Well, what a jerk this cardiologist is. I'm so sorry for you that this was his response. How many people's stories have we read on this forum alone that tell us that many people with dysautonomia don't respond to treatment and end up on the disabled list?

My more useful and less jaded thought is that you should not dwell on this set back and find a new cardiologist that is willing to keep trying. Don't let one doctor's poor behavior make you give up the search for help.

Katie

[Lenna]

All of the POTS meds made my son feel worse. After 3 years, his doctor finally determined that he has low-flow POTS, which means that his vessels are vasoconstricted, not vasodilated. No wonder the POTS meds were making him feel worse - they were constricting his blood vessels even more. He now takes Losarten which is a vasodilator. It hasn't been a cure for him, but he is much better. POTS is not a one-size-fits-all illness. If your doctor thinks it is,then you need to find a different doctor.

[FarmerAmy]

I agree with the suggestions to find a different doctor. I have had various experiences with doctors. Some don't seem to know what to do with me and offer really unhelpful and sometimes hurtful advice. Others are more compassionate and want to keep trying to help me out. These are the ones who will really put a lot of effort into my treatment as well as just my emotional well-being. Keep looking for someone who will work with you!

[julieph85]

Have you tried Clonodine instead of a Tricyclic? If your sympathetic is that high it soundsl like you need an alpha blocker.... maybe ask them about it?

[mully2014]

Beware of Clonodine though because when I took it my blood pressure dropped even more!!! I had to be in the hospital to be monitored and had to have 2 bags of iv fluid to help get it out of my system. SO if you try it make sure you have someone around to help you if something goes wrong.

[yogini]

When you say you can't tolerate SSRIs, have you tried several different ones and started at a fractional dose?

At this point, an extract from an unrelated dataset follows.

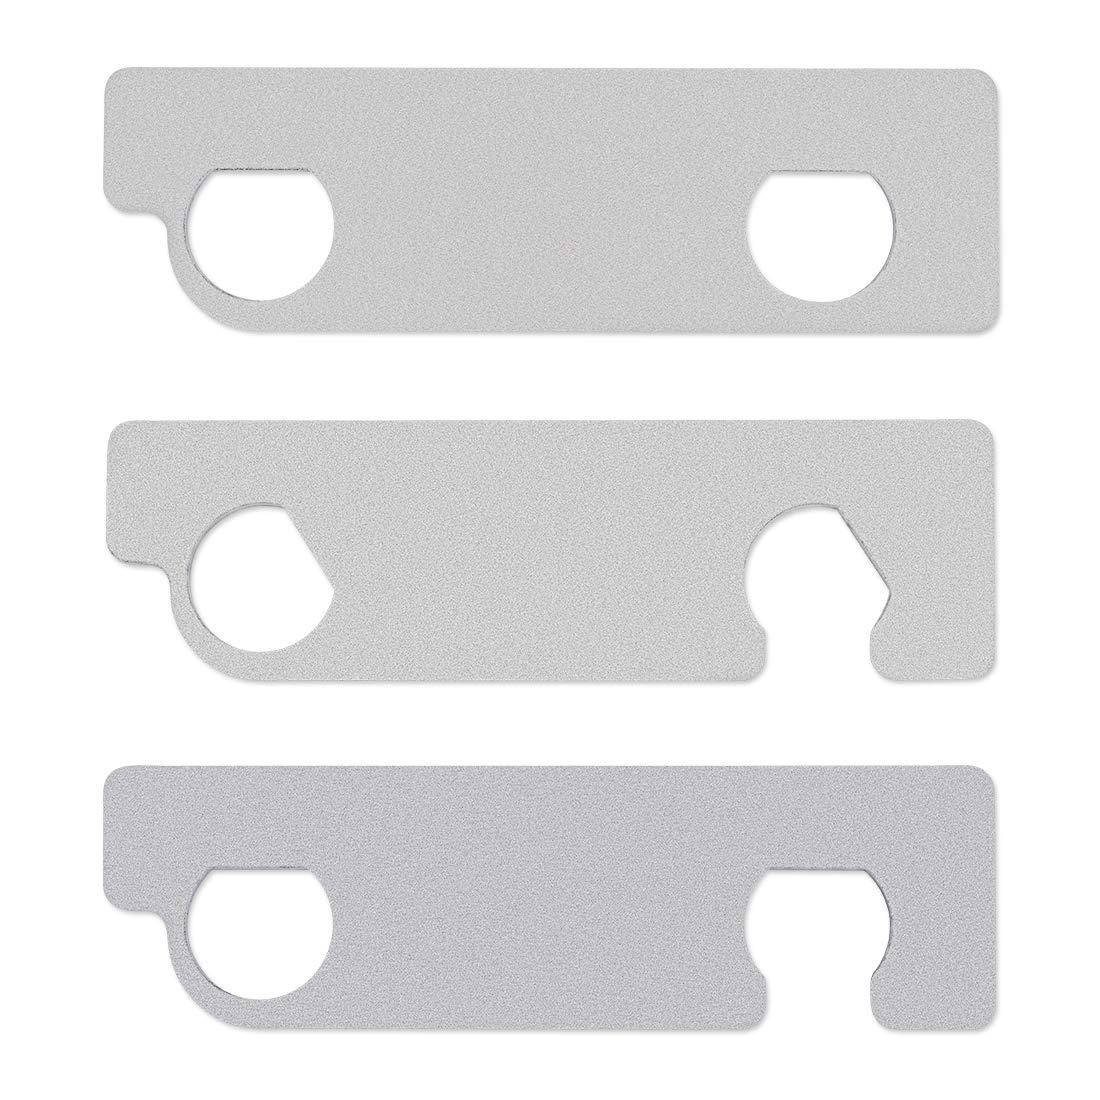 Camshaft Retaining Tool EN48383 EN46105 for Vauxhall/Opel/Saab/Cadillac/Buick/Chevrolet/Pontiac Ansite

There is a bit of trial and error with POTS meds - you may tolerate one Med in a class better than another. SSRIs in particular can take a few months of getting used to, and it can help to go slow and work your way up.

[ramakentesh]

All of the POTS meds made my son feel worse. After 3 years, his doctor finally determined that he has low-flow POTS, which means that his vessels are vasoconstricted, not vasodilated. No wonder the POTS meds were making him feel worse - they were constricting his blood vessels even more. He now takes Losarten which is a vasodilator. It hasn't been a cure for him, but he is much better. POTS is not a one-size-fits-all illness. If your doctor thinks it is,then you need to find a different doctor.

couldnt have said it better myself. Different mechanisms exist so what may help one may not help and could potentially worsen another in theory.